This ease of redeployment models the importance of knowing what a VM template is. They can be valuable tools. For example, deploying the VM from a template allows users to minimize the damage caused by malware attacks. Templates also save time in setting up new machines.
Hardware Cost
IT hardware costs can be a challenge for any business. While virtual machines may still need power and software licensing, VMs are a much more cost-effective solution. The usage of virtual machine resources is much more controllable. These resources can be limited and allocated with much more precision than systems requiring multiple hardware endpoints.
Control
Again, virtual machines run via a centralized management scheme which allows for rapid deployment and control from a single point. This is much more efficient than managing multiple workstations, particularly when workstations are spread across various locations.
Disaster Recovery
There is little risk of data loss due to hardware failure since virtual machines make regular backups. Everything can be redeployed quickly and easily, saving valuable time to recover and redeploy the VM. The recovery ability of virtual machines is bolstered even more by using virtualization templates.
Disadvantages
Less Productive
Virtual machines can be less efficient than dedicated servers since they do not access hardware directly. In other words, they do not have hardware of their own but must rely on communication through the operating system, which can slow down response time from the parent hardware (known as latency).
Resource Consumption
VMs can take up a significant amount of system resources from the host. Resource depletion only increases as more VMs are added.
Additionally, if resource distribution is not set up correctly, the host and all other VMs within the system can crash.
Security
IT experts challenge the assertion that VMs have any security drawbacks since VMs exist in isolation from the rest of the operating system. But, the fact remains that they are still a software platform and are always subject to vulnerabilities and attacks by their very nature.

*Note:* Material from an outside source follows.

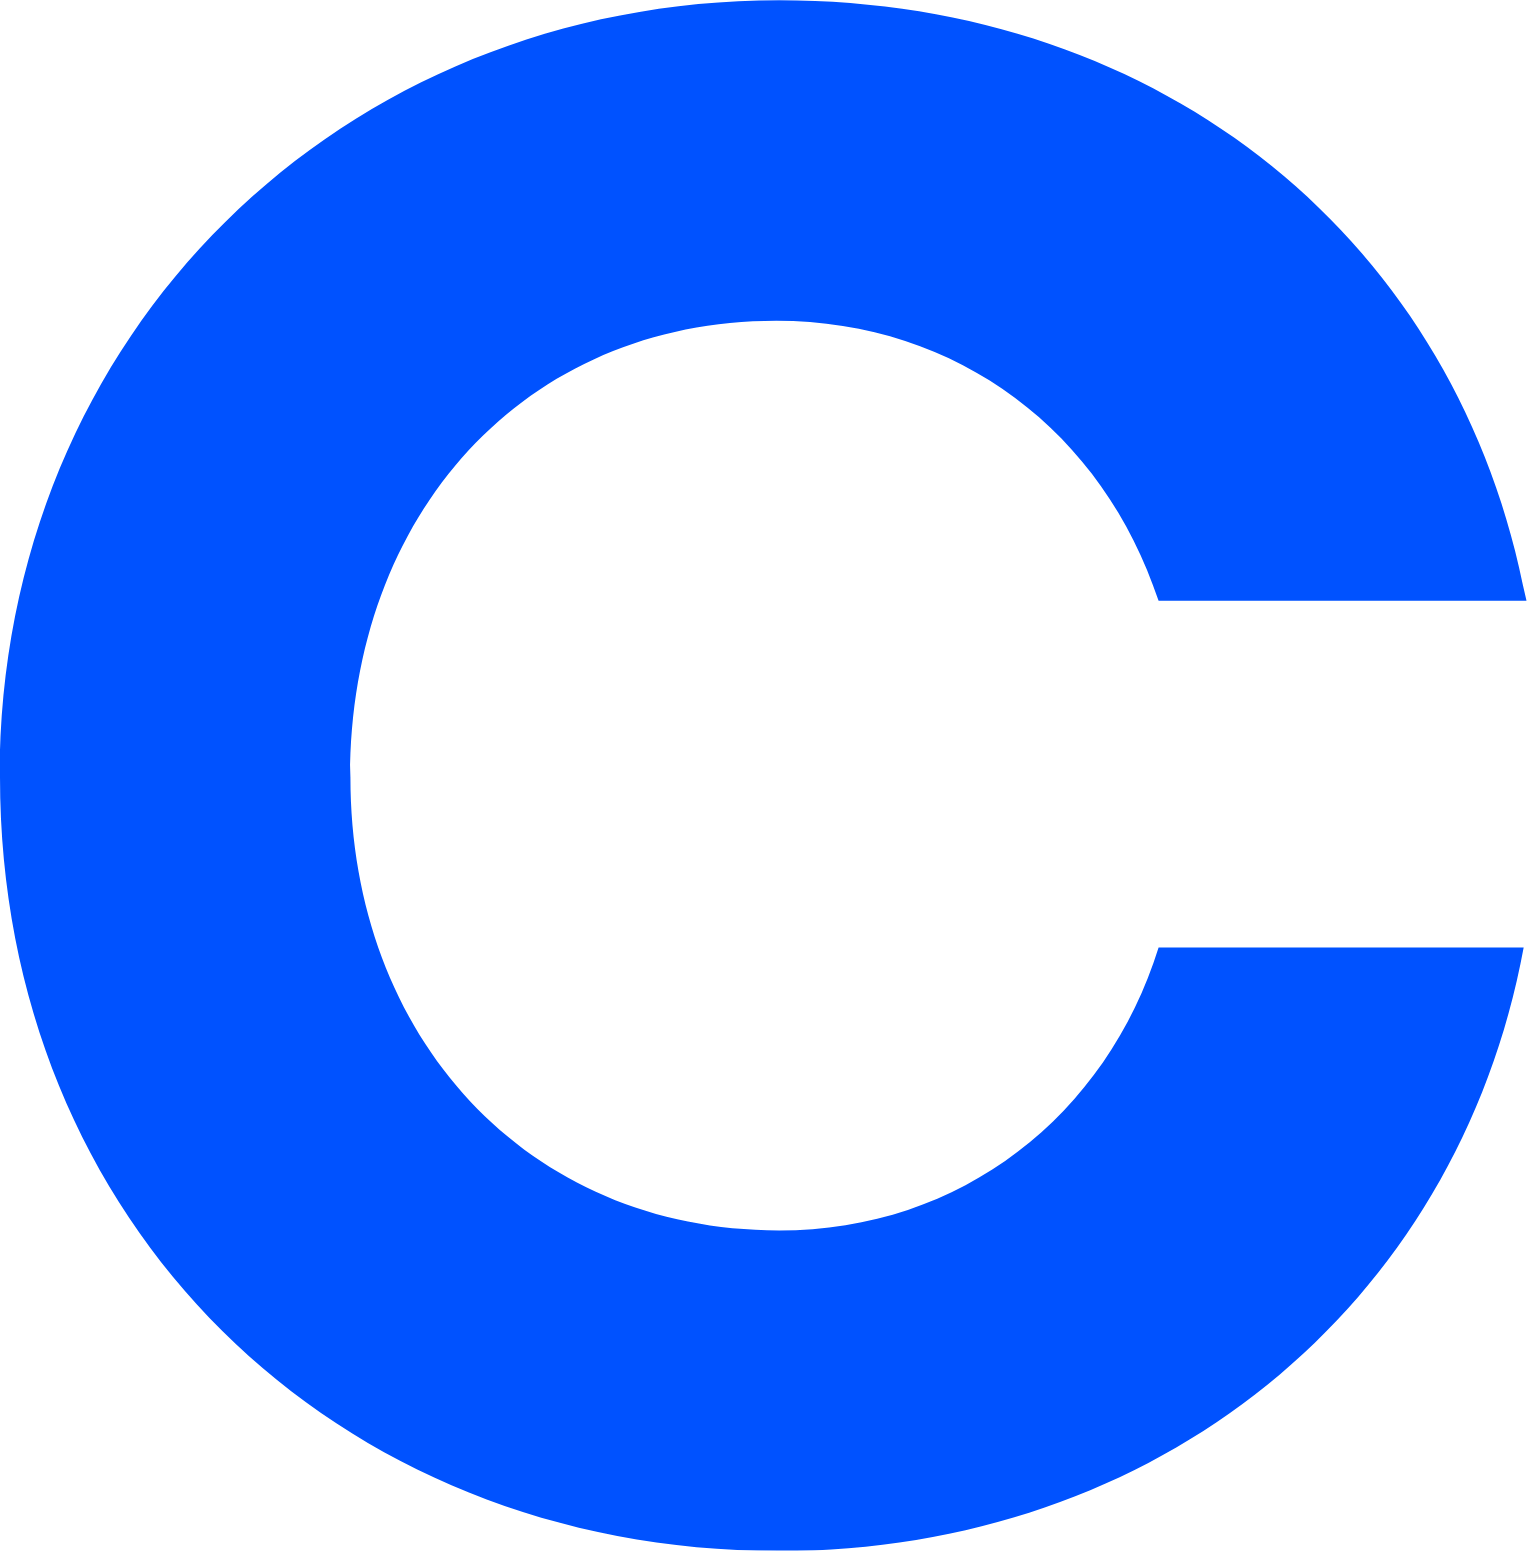 coinbase stock symbol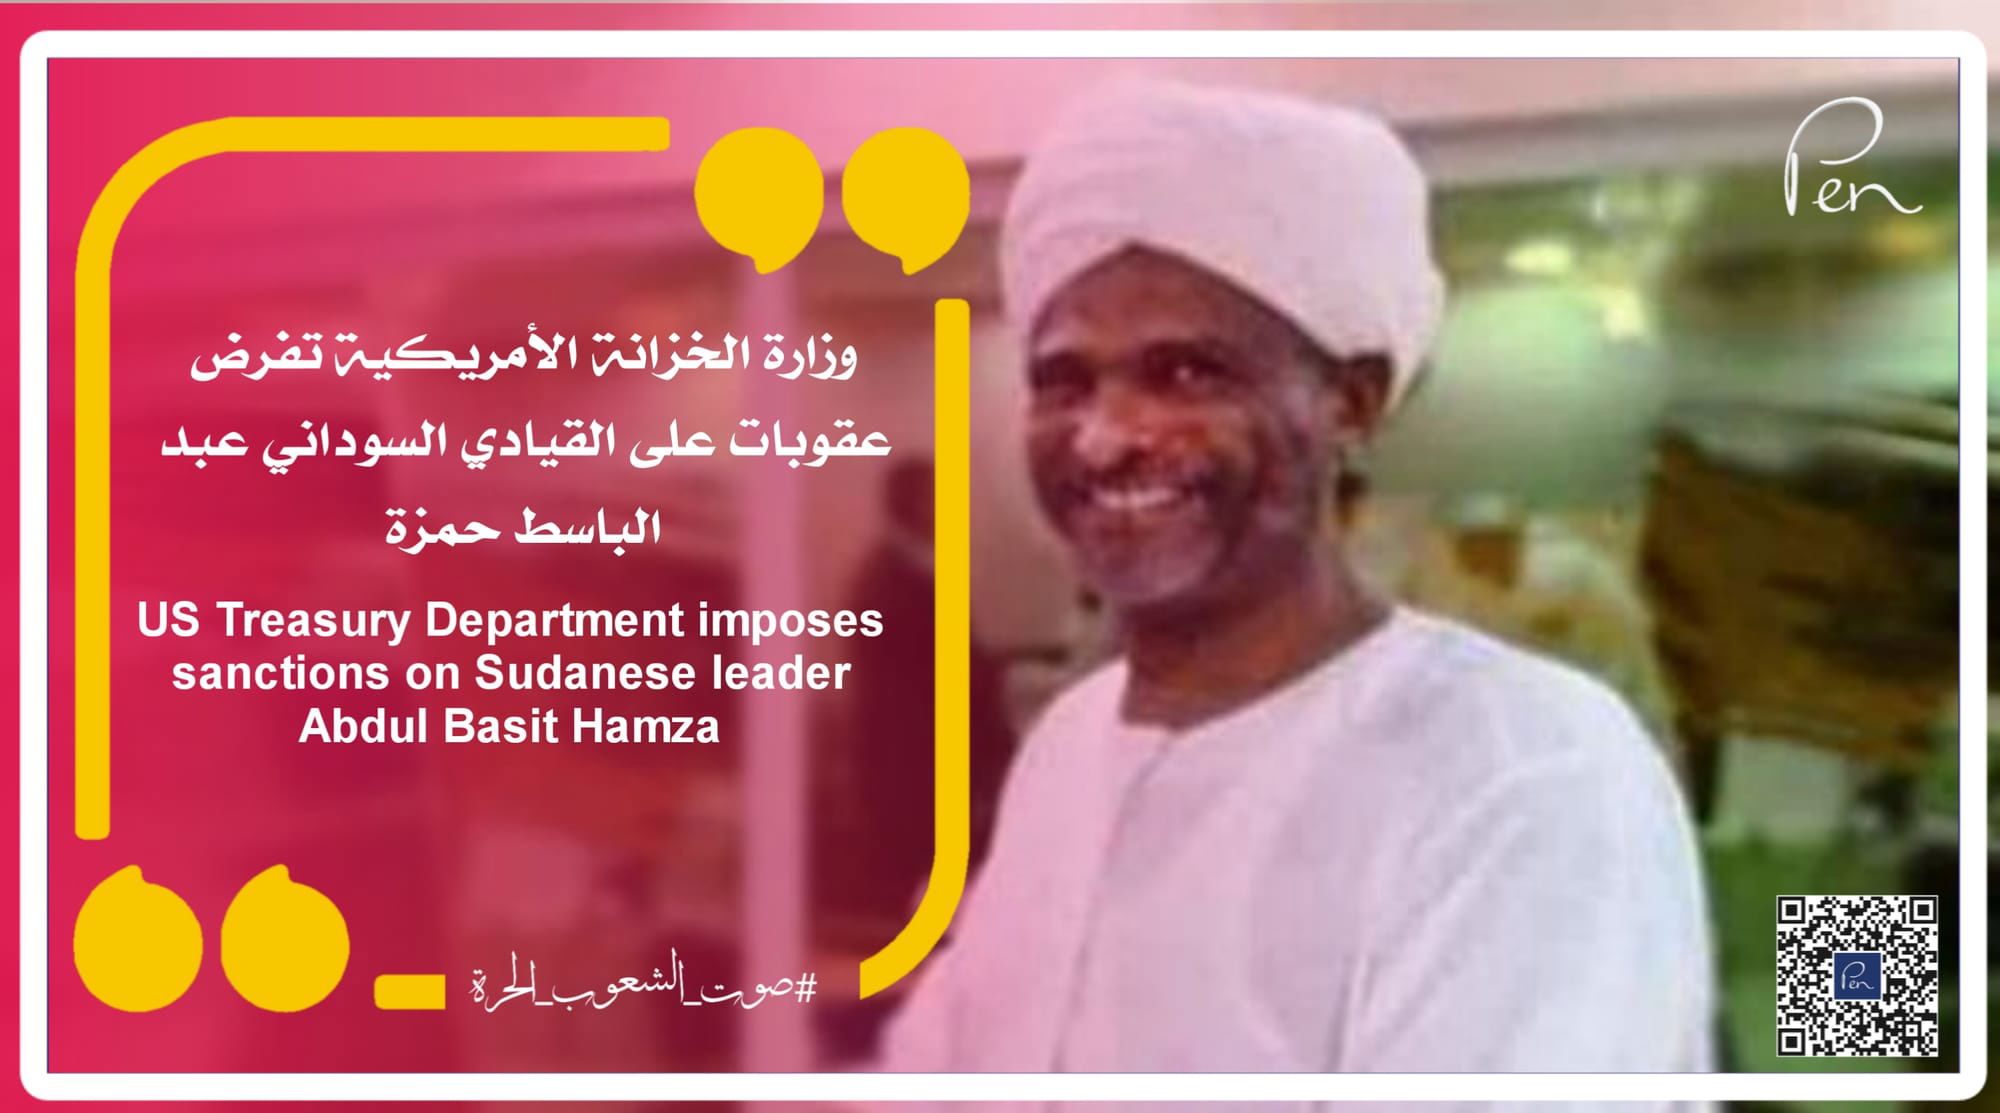 وزارة الخزانة الأمريكية تفرض عقوبات على القيادي السوداني عبد الباسط حمزة

An effective malware attack can potentially jeopardize the security of a VM. If an attacker can infiltrate to the hypervisor level, all the virtual instances could be in jeopardy. In such situations, if sufficient fail-safes aren’t in place, there could be no way of knowing that your VMs are compromised. This type of scenario could be devastating to a large-scale virtualization operation running hundreds or thousands of virtual machines.
Summary
What is a virtual machine? These mini-computers are a more cost-effective solution that allows control of an IT environment's entire workflow and efficiently distributes resources.
Many virtualization applications exist, from cloud computing to simply testing a new operating system. With the future of computers in the cloud, virtual machines will eventually become necessary to optimize your IT estate's efficiency.
While both containers and VMs have pros and cons, the best choice for your business depends on your current project needs. However, both can be outstanding solutions to better cost-effective computing.
If you haven’t made the jump into virtualization in your own business, let us help. Consider talking to our Solutions team.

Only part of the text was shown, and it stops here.